Interestingly, we found point mutations in the signal peptide sequences of some conotoxins with the same mature peptides from C. striatus. Yang and other scholars analyzed the M superfamily conotoxin precursors and found that different conotoxin precursors have the same mature region (Yang and Zhou, 2020). Point mutations in the signal peptide sequences were identified in both the NGS and TGS datasets, 91% of which occurred in the TGS data, implying that TGS broke through the conservative nature of conotoxin signal peptides and the traditional concept of the variability of mature peptides obtained by NGS technology. However, the perception that the signal region is hyperconserved, the proregion is relatively conserved, and the mature region is hypervariable remains valid. These findings in this study complement the traditional perception, and they would not change putative classification of gene superfamilies, cysteine frameworks, or pharmacological families based on this dogma. Therefore, point mutations of amino acids are crucial for the physiological functions of mature conotoxins and play an essential role in conotoxins’ sequence and functional diversity.

Materials and methods

Sampling and RNA extraction

Three C. striatus specimens, about 9 cm in length, were collected from the offshore areas of the West Island near Sanya, South China Sea, China. These cone snails were shipped to the indoor laboratory at Hainan Medical University (Haikou, Hainan, China), and then were kept in an ecological breeding system for about 3 days. Four organs of the cone snails, including radular sheath, venom duct, venom gland, and salivary gland, were dissected and then immediately stored at –80°C before use.

Total RNA was extracted from these samples using QIAzol reagent (Qiagen, Fredrick, MD, USA). A NanoDrop nucleic acid quantifier was used to detect the purity of RNA (A260: A230 ratio of 2.0–2.2; A260:A280 ratio of 1.8–2.1), a Qubit RNA assay (Invitrogen, Carlsbad, CA, USA) was used to accurately quantify the RNA concentrations, and an Agilent 2100 Bioanalyzer (Palo Alto, CA, USA) was used to detect the integrity of RNAs.

NGS library construction

The high-quality RNA samples (OD260/280 = 1.8–2.2, OD260/230 ≥ 2.0, RIN ≥ 8, > 1 μg) were used to construct individual sequencing library. PolyA mRNA was purified from total RNA using oligo-dT-attached magnetic beads and then fragmented by a fragmentation buffer. Taking these short fragments as templates, first-stranded cDNA was synthesized using reverse transcriptase and random primers, followed by second-stranded cDNA synthesis. Then, the synthesized cDNA was subjected to end-repair, phosphorylation, and “A” base addition according to the library construction protocol. Afterward, sequencing adapters were added to both sides of the cDNA fragments. After PCR amplification of cDNA fragments, 150–250 bp targets were obtained. Finally, we performed the paired-end sequencing on an Illumina HiSeq X Ten platform (Illumina Inc., San Diego, CA, USA).

TGS library construction

Total RNA was extracted by grinding tissues in TRIzol reagent (Cat# DP424, TIANGEN Biotech Co.
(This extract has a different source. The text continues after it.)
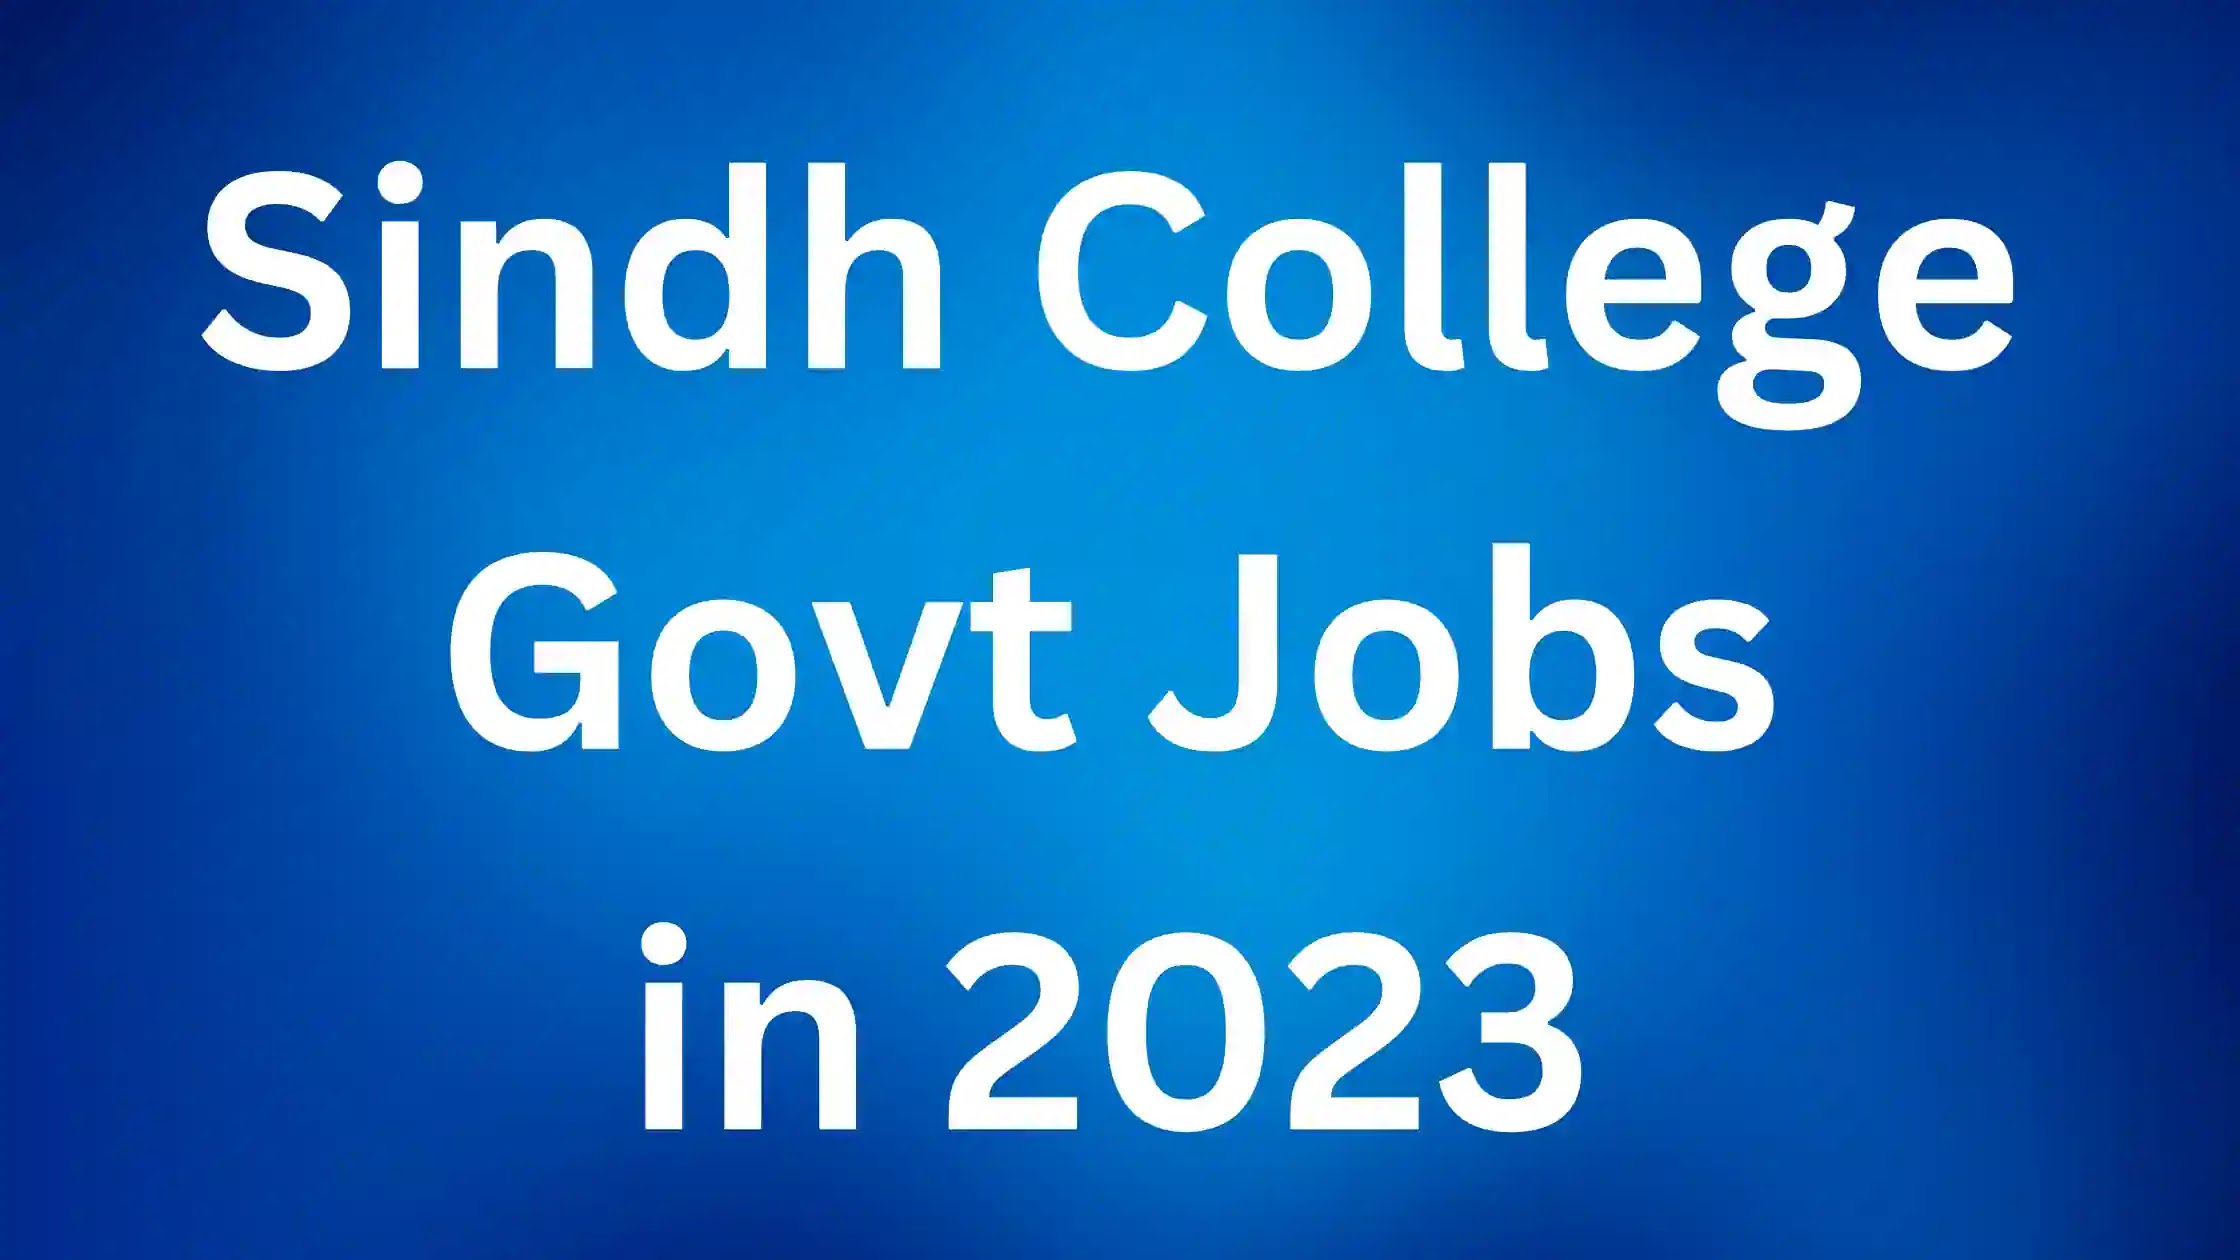 Sindh College Education Department Govt Jobs in Karachi in 2023
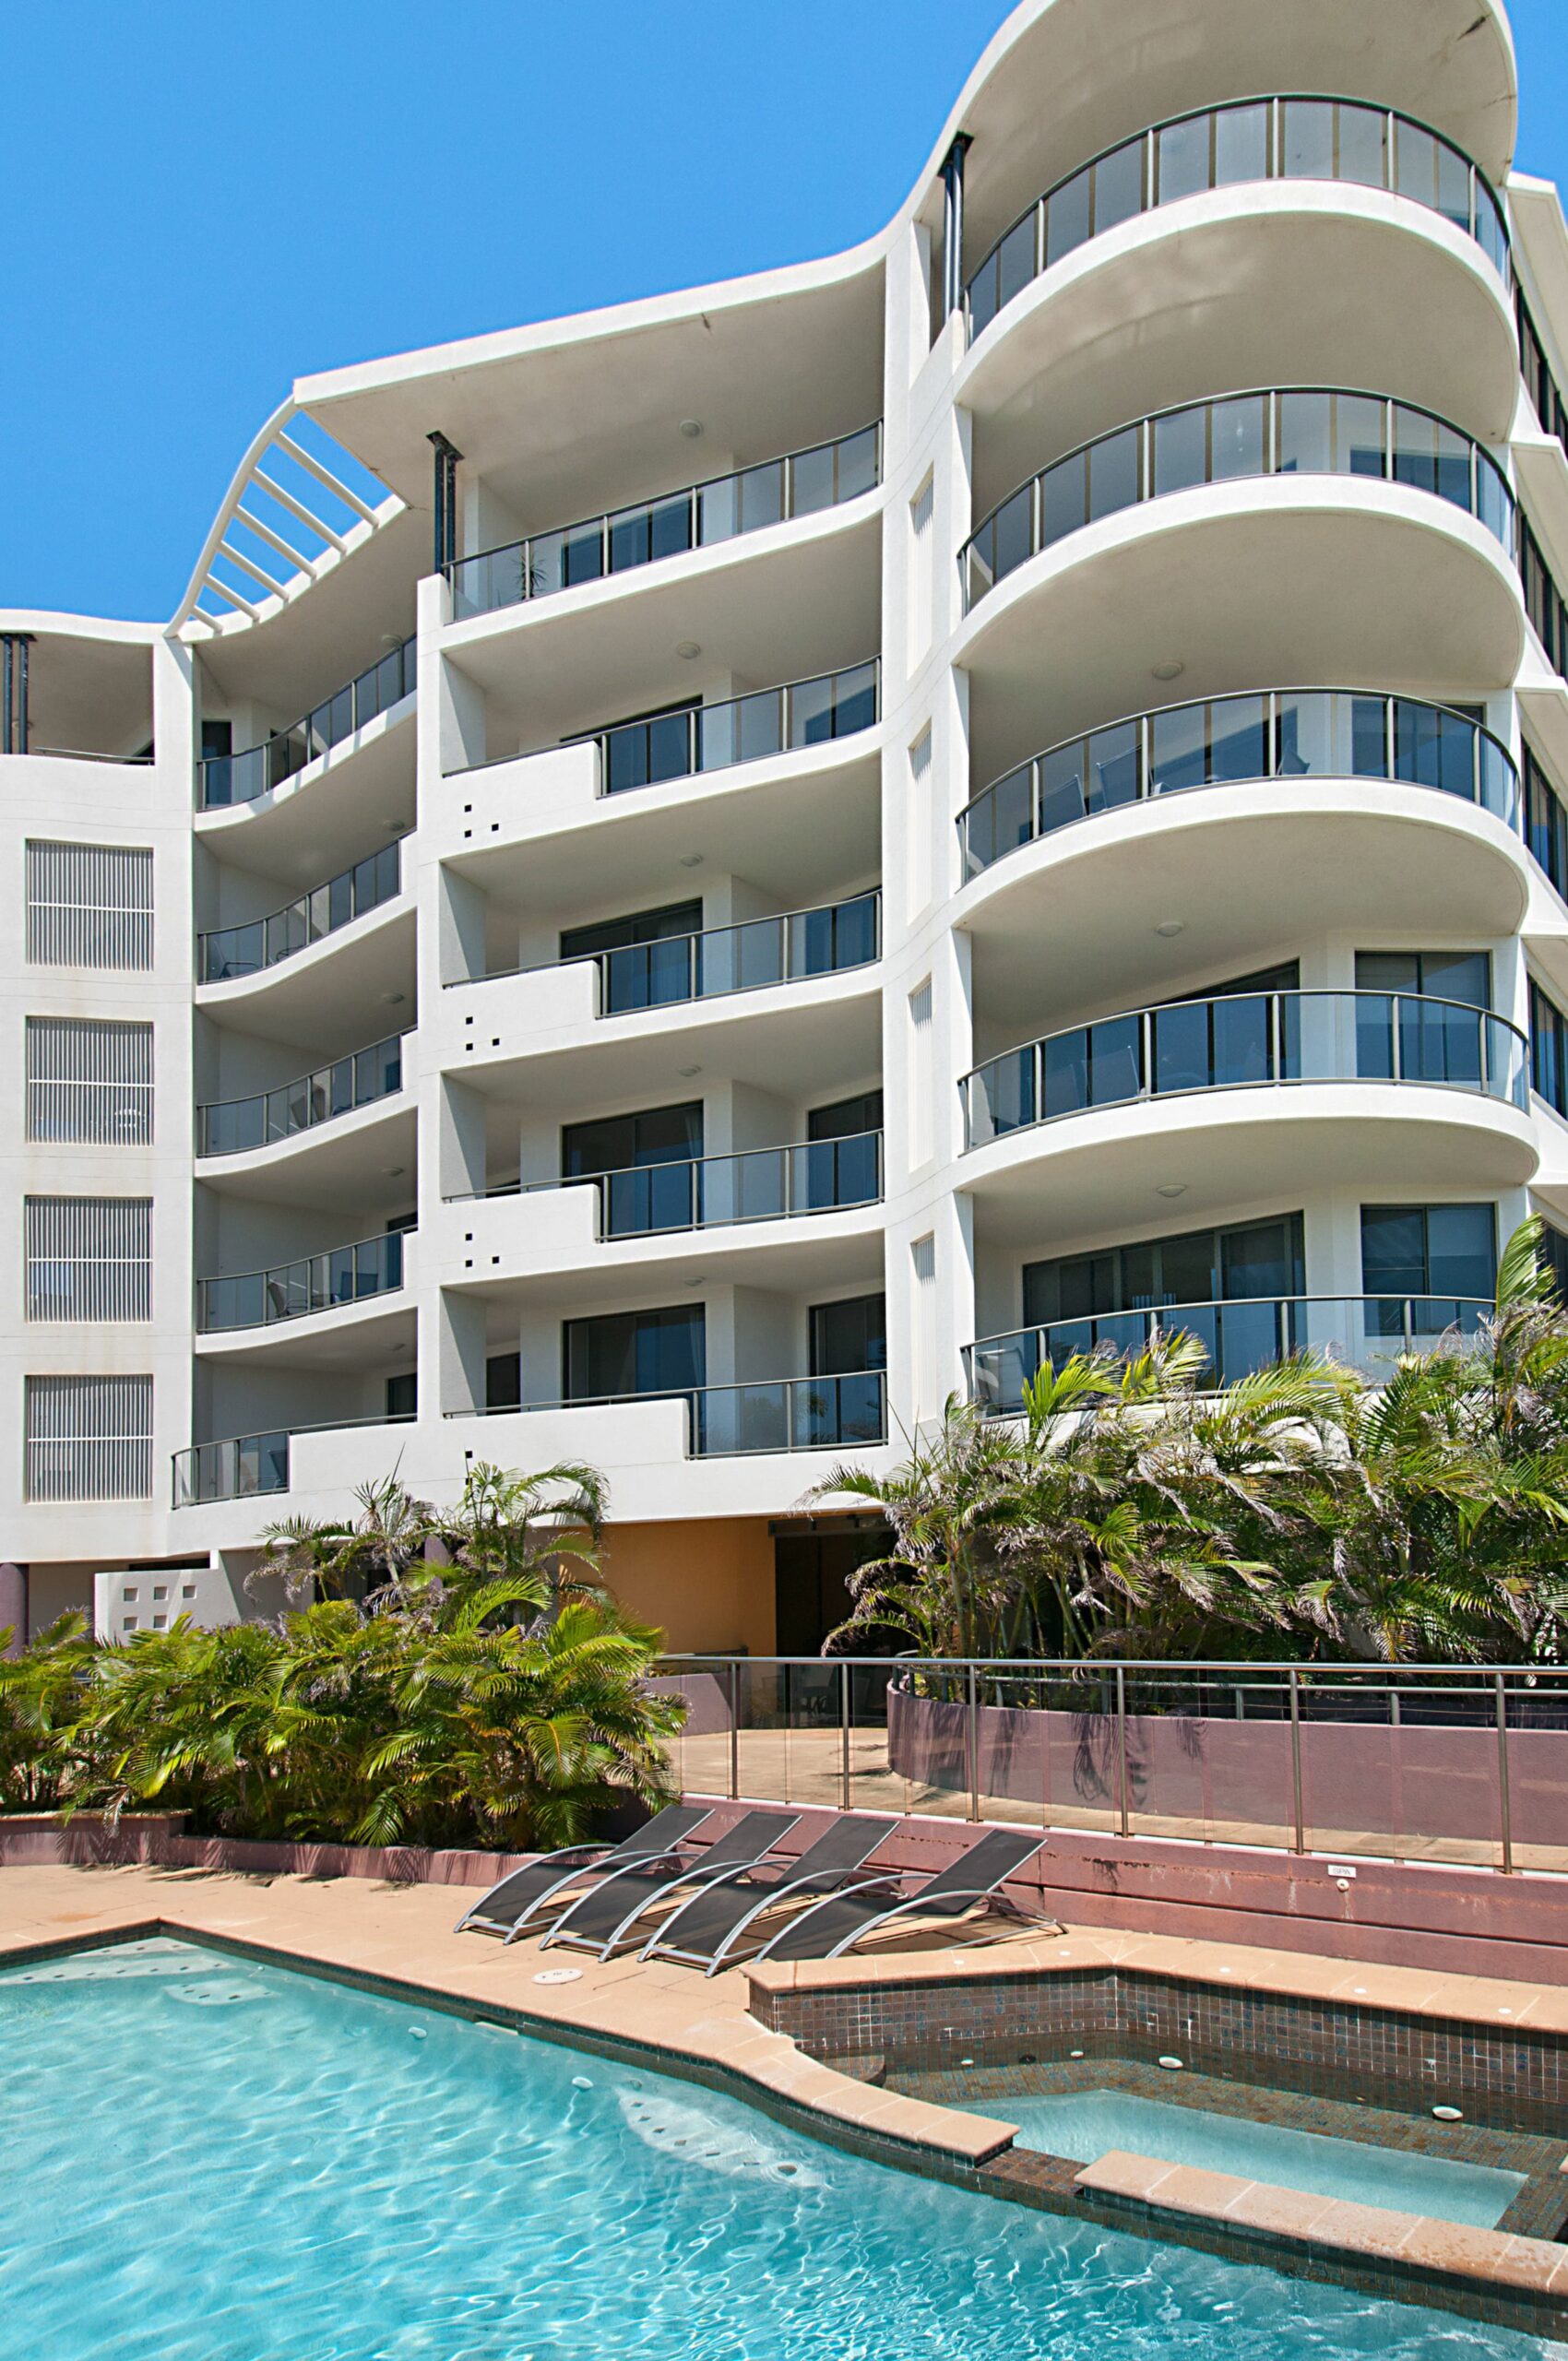 Meridian Alex Beach Apartments

Ltd, Beijing, China) on dry ice and was processed following the manufacturer’s instructions. The integrity of the RNA was determined with the Agilent 2100 Bioanalyzer and agarose gel (Lonza) electrophoresis. The purity and concentration of the RNA were determined with the Nanodrop micro-spectrophotometer (Thermo Fisher Scientific, USA). The mRNA was enriched by Oligo (dT) magnetic beads. Then, the enriched mRNA was reverse transcribed into cDNA using a Clontech SMARTer PCR cDNA Synthesis Kit (TAKARA). PCR cycle optimization was used to determine the optimal amplification cycle number for the downstream large-scale PCR reactions (PrimeSTAR GXL DNA polymerase). Then, the optimized cycle number was used to generate double-stranded cDNA. The large-scale PCR was performed for the next SMRTbell library construction. cDNAs were damage-repaired and end-repaired, and the sequencing adapters were ligated using a SMRTbell Template Prep Kit (PacBio). Each SMRT bell template was annealed to a sequencing primer, bound to polymerase, and sequenced on a PacBio sequel platform by Nextomics Biosciences Co. Ltd. (Wuhan, Hubei, China). Circular consensus sequences were obtained using the SMRTlink 5.1 software (PacBio). A total of 35.6 Gb subread sequences were obtained by correction between subreads. According to the existence of 5’-end primer, 3’-end primer, or polyA tail, these sequences were divided into FLNC reads and non-full-length sequences. The former was clustered by iterative clustering in Iterative Clustering for Error Correction (Wang et al., 2021) algorithm software to generate the cluster consensus sequences. Subsequently, we corrected the polished consensus sequences of the TGS data through LoRDEC software (PacBio) with default parameters, and any redundancy in corrected consensus reads was removed by CD-hit (version 4.7) (Li and Godzik, 2006) to obtain the final transcripts for subsequent analysis.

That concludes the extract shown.